Indulge me on this windy Sunday… Grab a cup of tea and read on. This is an excerpt from [my life and] my first novel, Upside Down Kingdom, at the end of Chapter One:

book…I passed the Upscale, watching the manager try to deal with the angry people I left behind. “Alright sir, what did you order?” I heard through the open door, and then the commotion started as the entire section realized someone was being helped. Some of them called the manager to them; others rushed toward him to get is attention. This being the first time I ever walked out on a job, I stopped to watch. The manager hadn’t heard “Mr. Red Shirt’s” order and asked him to repeat it. At the same time two more malcontents approached from his left flank and stared yelling their version. Somebody dropped a tray of glasses in the back of the restaurant, an hourly event met with cheering at the Upscale, and the confusion was only getting started. Part of me, the responsible part, wanted to go back in there and finish the job I’d started. That part even felt bad for the people I left behind.

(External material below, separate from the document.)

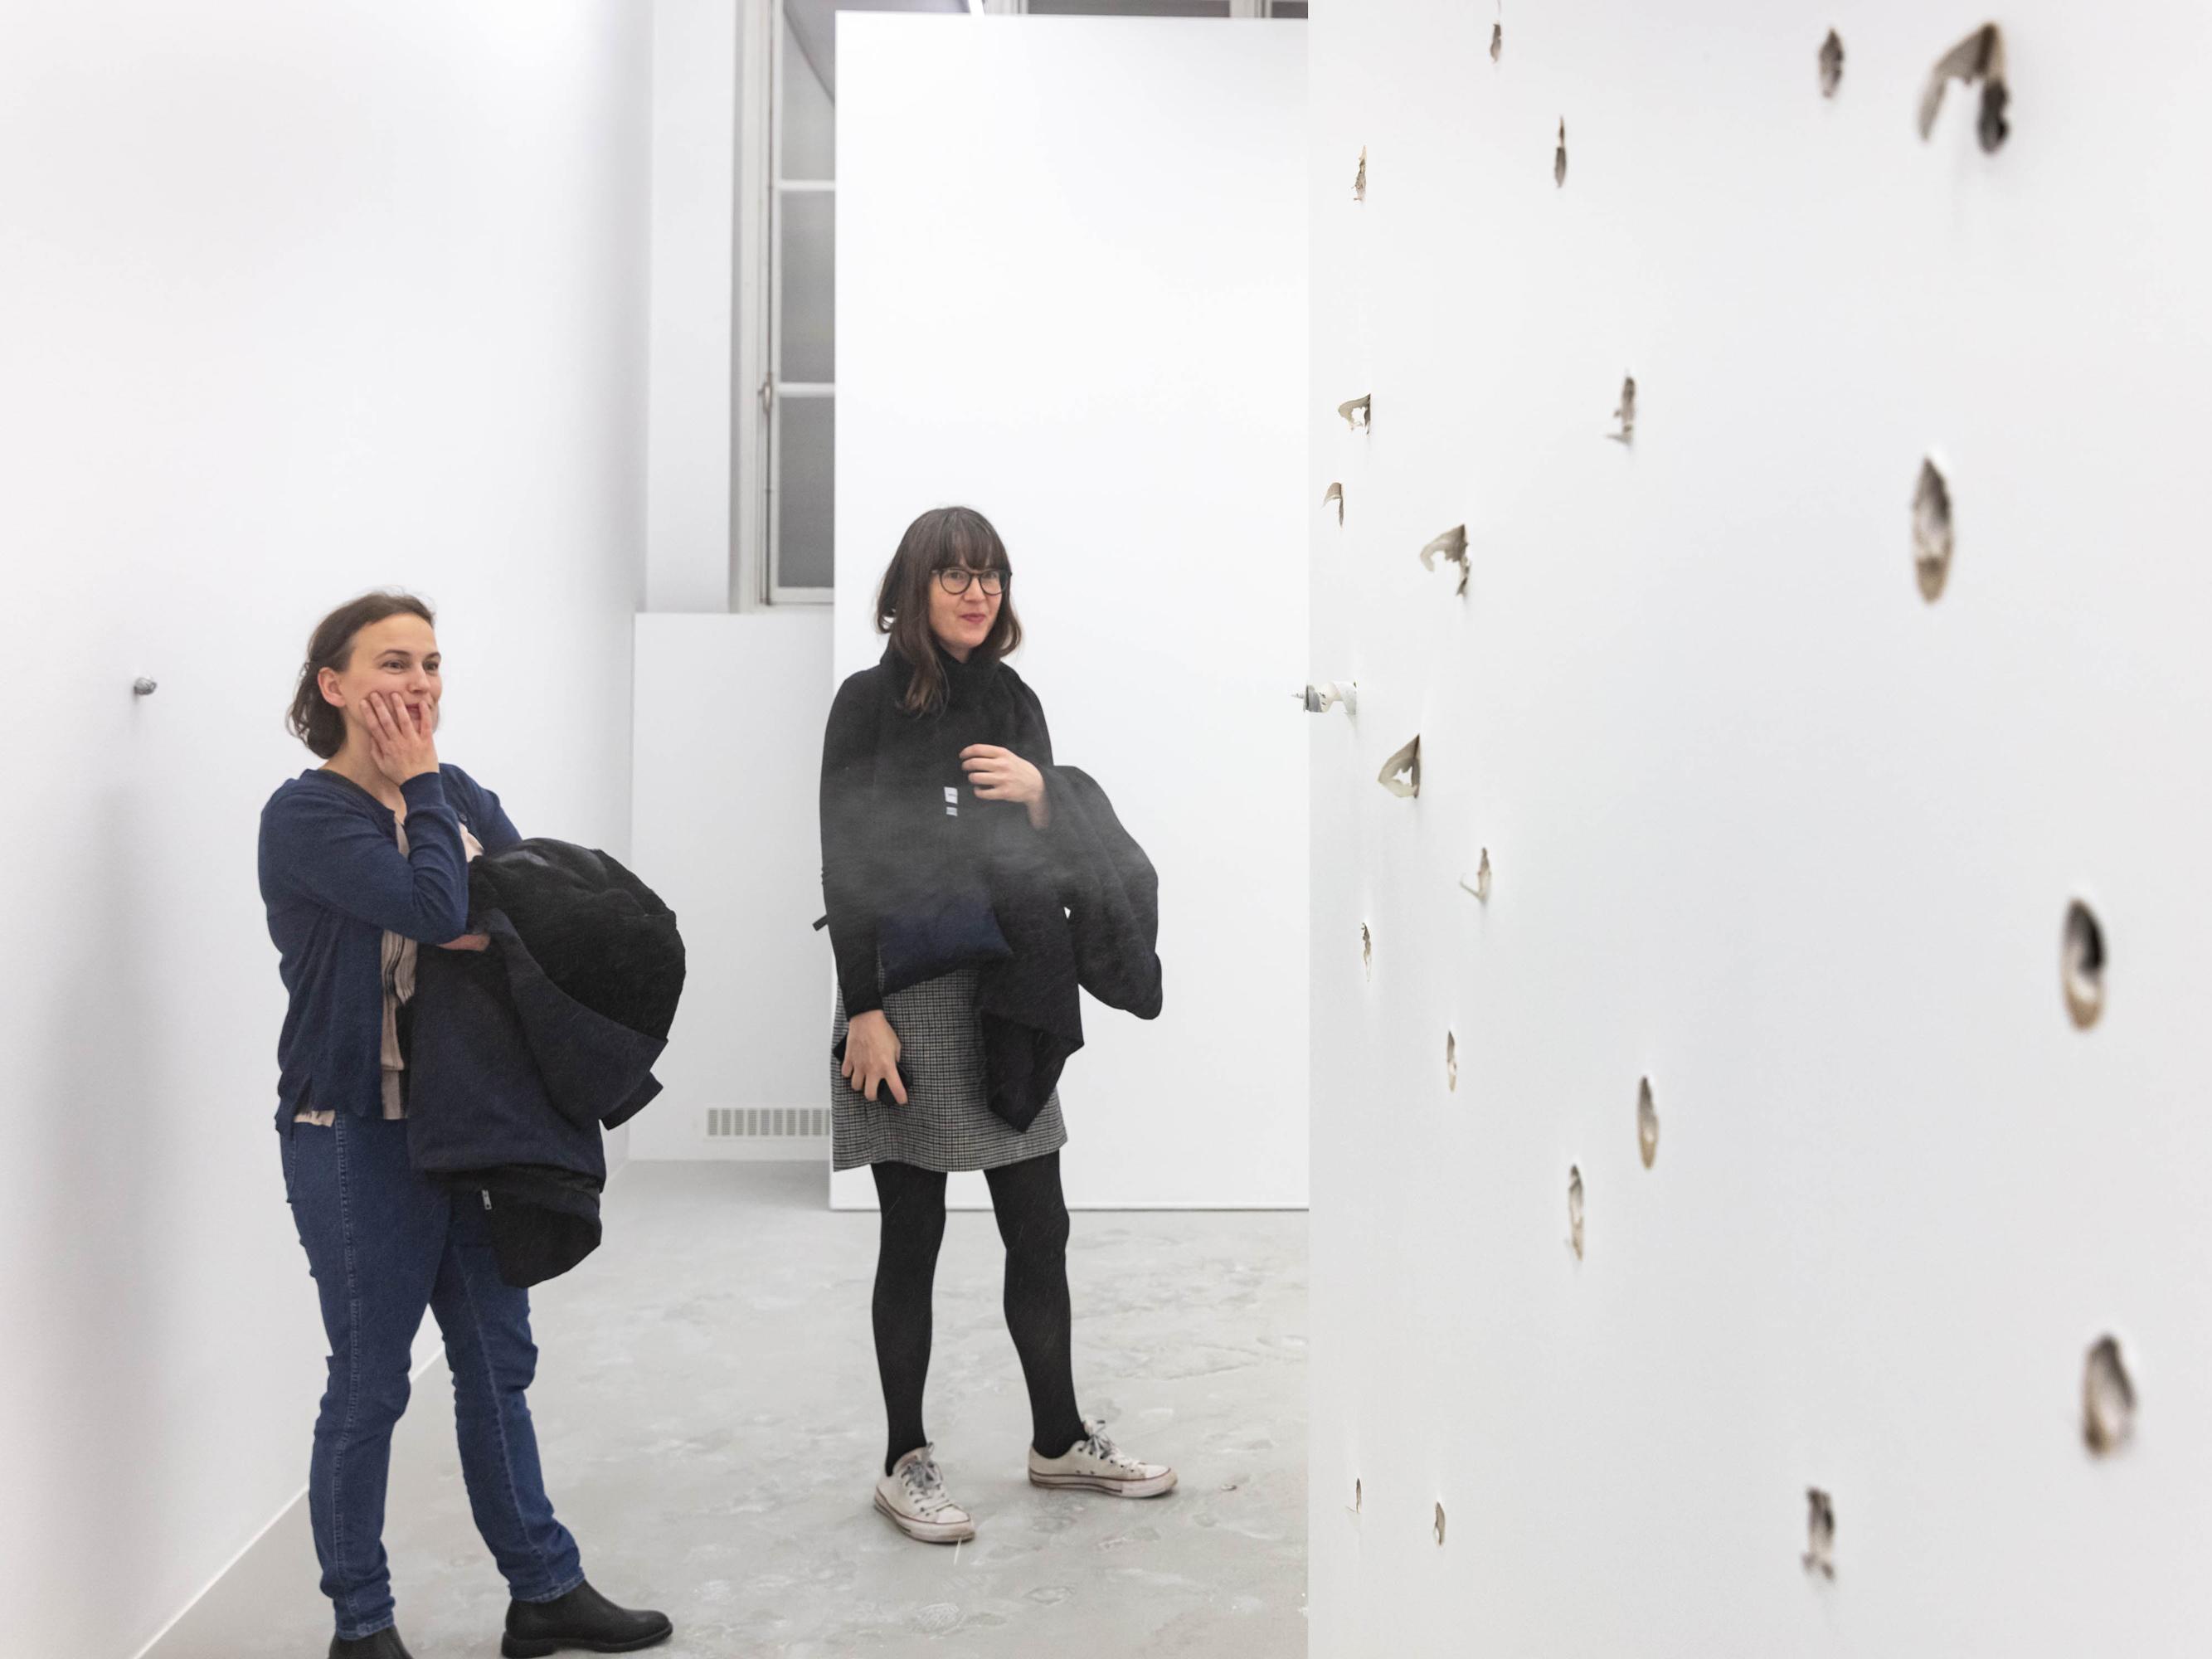 You Take My Breath Away, 2020, White cube, fan, 270 x 270 x 270 cm. Installation view and performance, Kristina Matousch, You Take My Breath Away, 2020, Cecilia Hillström Gallery. Photo: Jean-Baptiste Béranger.

But then I spotted my tray, still on the coffee girls’ table where I’d left it. I was finally on the outside looking in again. I’d come full circle, and going back in there was the last thing on earth that I would do. I willed my feet to keep moving. I heard, “has anyone seen Amy?!?” just before walking out of earshot.

The drumbeats were getting louder as I approached the Circle, and I found the drum guy at the Metro entrance banging away on his buckets. He worked up a distinct rhythm using buckets of various sizes that he wheeled around from corner to corner in a liquor store cart. You could recognize his sound from blocks away, especially when he worked in his signature blasts from a lifeguard whistle tied around his neck. I stopped and watched for a little bit, bouncing to the beat with the rest of the crowd. A few drunken people stepped up to dance and the drum guy paced his beat to their movement. When they stared falling on each other I decided to move on.

I crossed into the park, which was easy this time of night because the circle traffic was nearly at a standstill with bar hoppers and cabs bumper-to-bumper. Dupont Circle boasted a park in the circle’s center, with a fountain and trees, benches and grassy spaces. It was a gathering place for all types of people, for good or ill, twenty-four hours a day while the traffic circled around. The neighborhood surrounding the park was also known as Dupont Circle, gay capital of Washington, D.C., and a sort of happenings hot spot. There were plenty of tourists by day, but the nightlife was full of people who went out to see and be seen.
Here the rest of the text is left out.